Label distribution learning can resolve label ambiguity precisely by determining how well each label describes an instance. Traditional label distribution learning algorithms frequently attempt to model the complex relationships between all labels. This not only adds complexity to the model but may also reduce prediction accuracy due to label conflicts. In this paper, we propose a novel label distribution learning algorithm based on Multi-Constraint Label Independent Prediction (LIP-MC), intended to promote the rationality and accuracy of prediction results by simplifying the prediction process and combining multiple constraints. Specifically, label independent prediction values are generated for each label through sparsity constraints and weight coefficient matrices.
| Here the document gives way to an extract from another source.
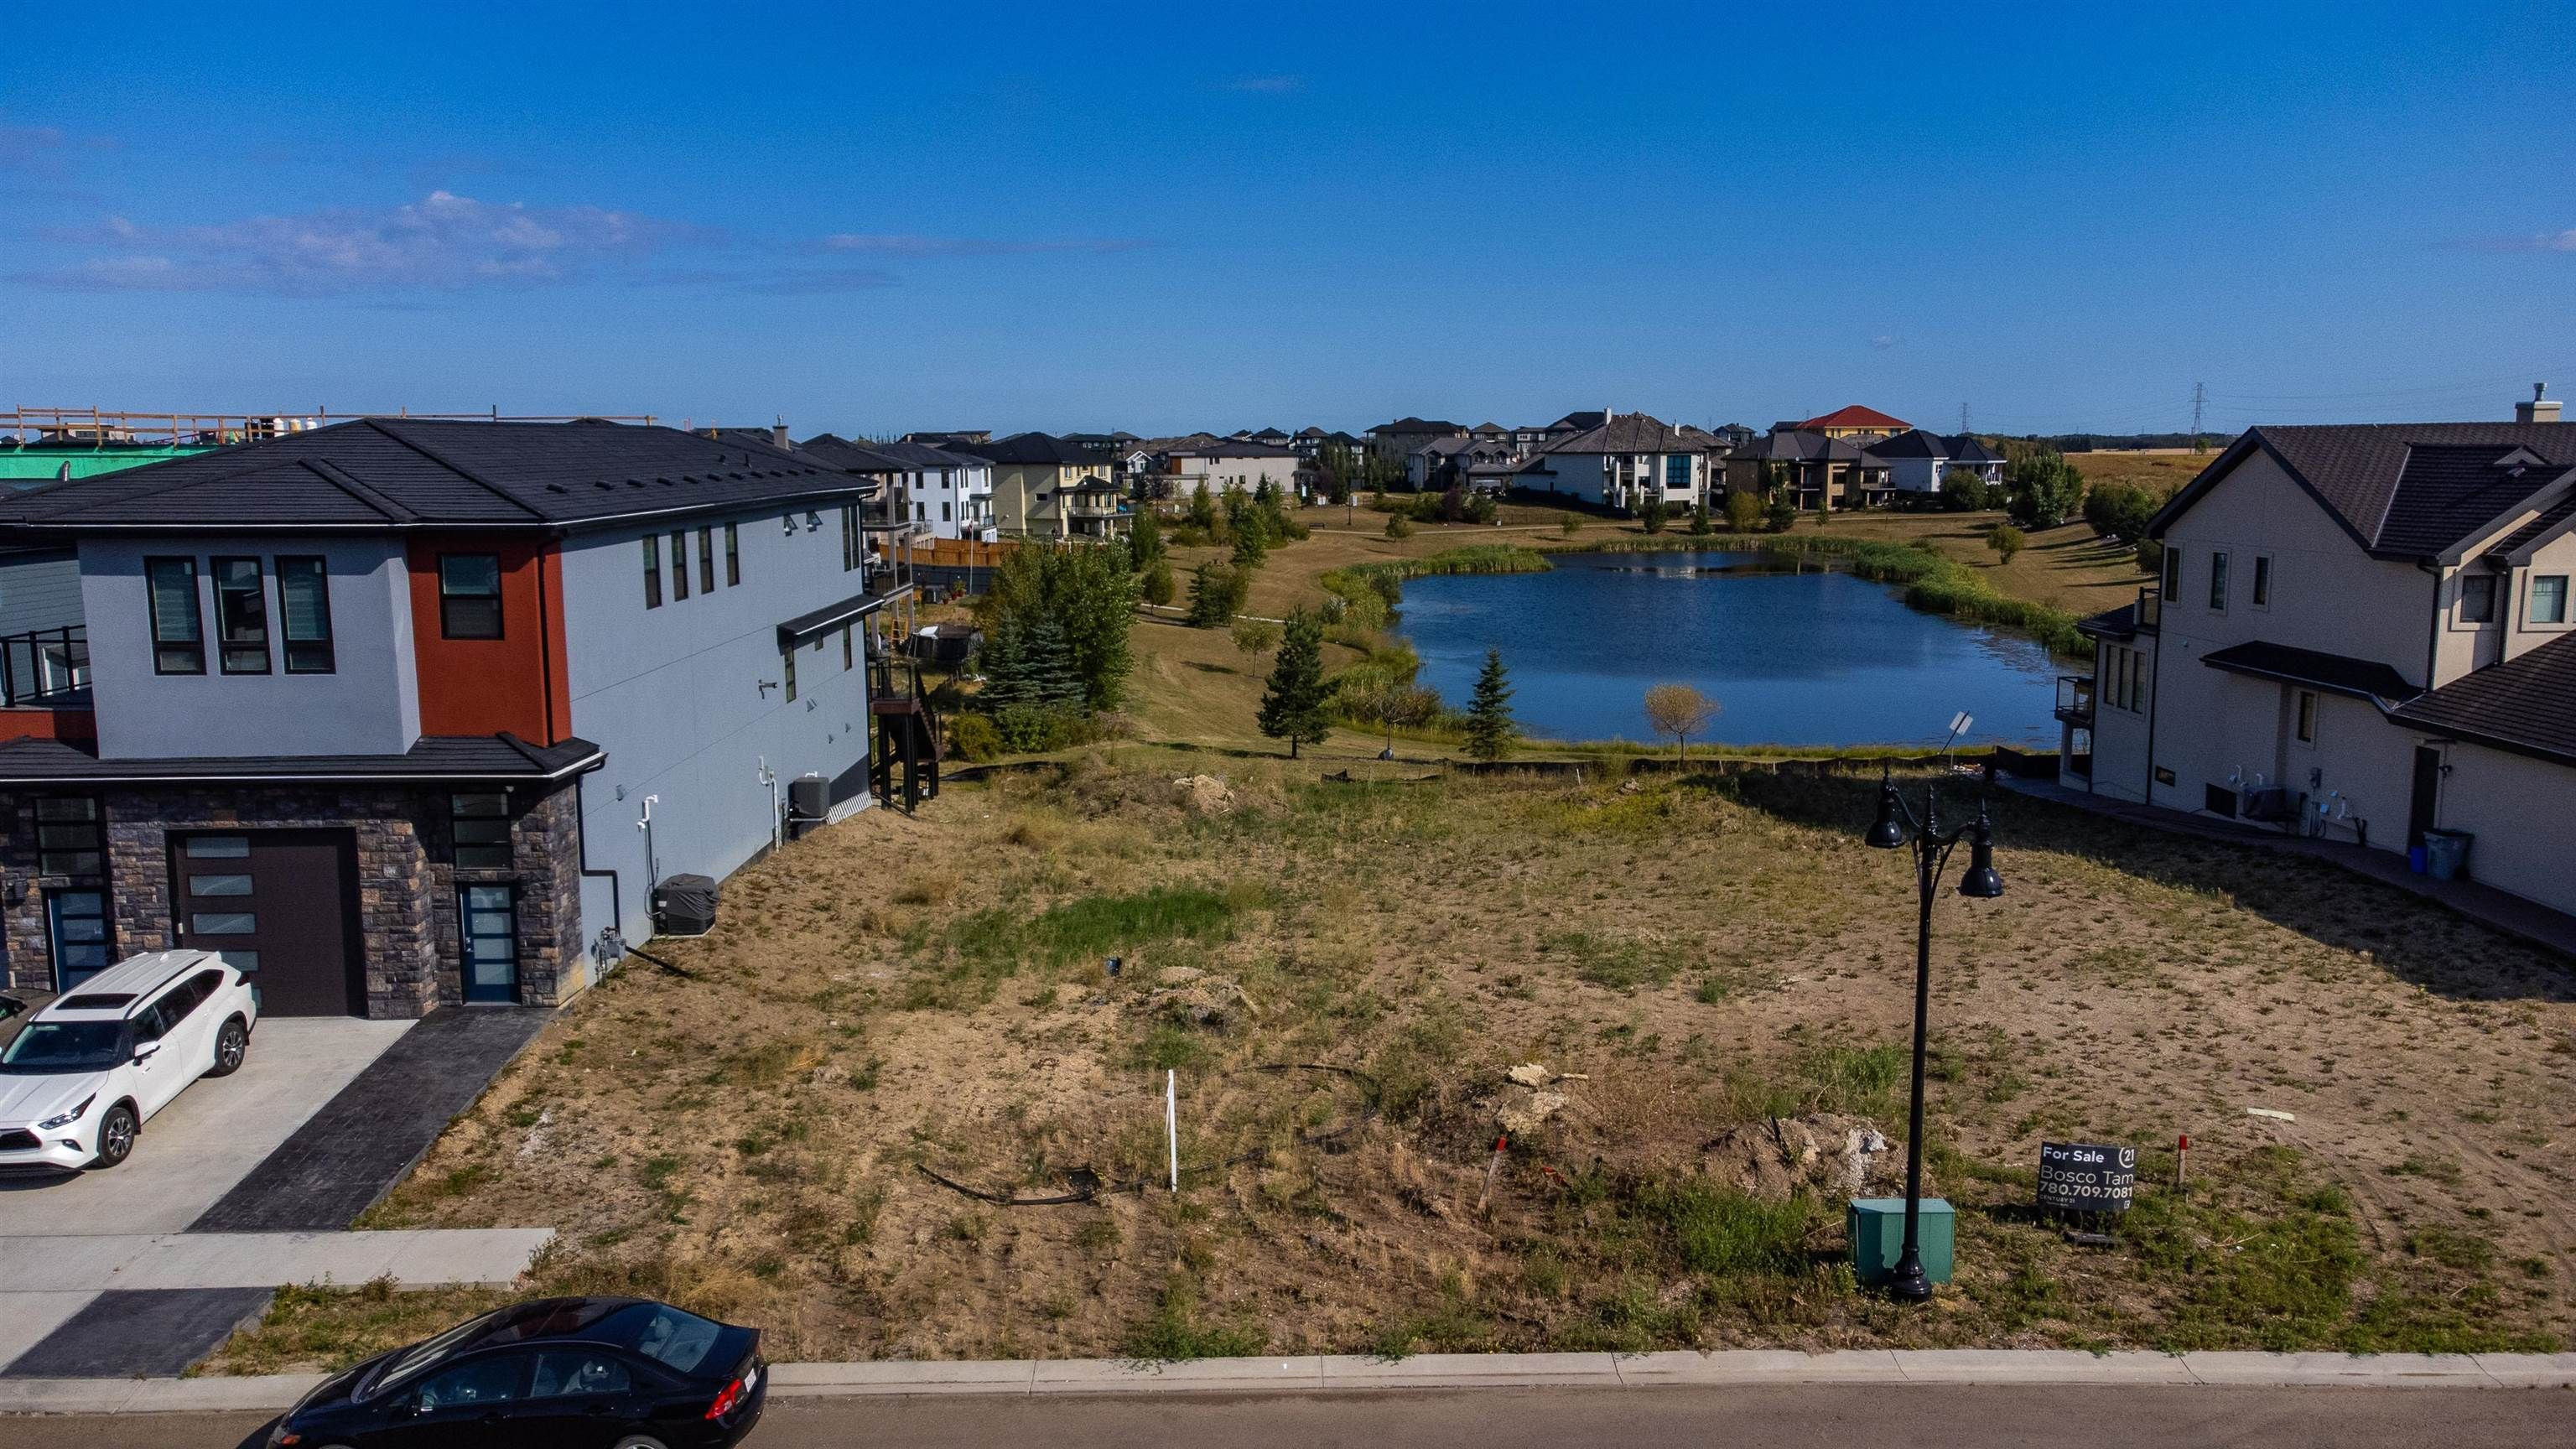 Main Photo: 3028 64 Avenue: Rural Leduc County Rural Land/Vacant Lot for sale : MLS®# E4259866

Subsequently, a novel transformation model is designed to combine all separate label predictions and produce the final label distribution. Furthermore, smoothness constraints and logarithmic similarity constraints were introduced to enhance the model’s performance and generalization ability. On fourteen real datasets, the experiment was carried out, and the comparison results against seven advanced algorithms under seven evaluation metrics confirmed that the proposed algorithm is superior.
标签分布学习中的多约束标签独立预测
标签分布学习可以通过确定每个标签描述实例的程度来精确地解决标签歧义。传统的标签分布学习算法经常试图对所有标签之间的复杂关系进行建模。这不仅增加了模型的复杂性,还可能由于标签冲突而降低预测的准确性。本文提出了一种新的基于多约束标签独立预测(LIP-MC)的标签分布学习算法,旨在通过简化预测过程和结合多个约束来提高预测结果的合理性和准确性。具体来说,通过稀疏性约束和权系数矩阵为每个标签生成与标签无关的预测值。随后,设计了一种新的转换模型来组合所有独立的标签预测并产生最终的标签分布。在此基础上,引入了平滑约束和对数相似约束,提高了模型的性能和泛化能力。在14个真实数据集上进行了实验,并在7个评价指标下与7种先进算法进行了比较,结果证实了本文算法的优越性。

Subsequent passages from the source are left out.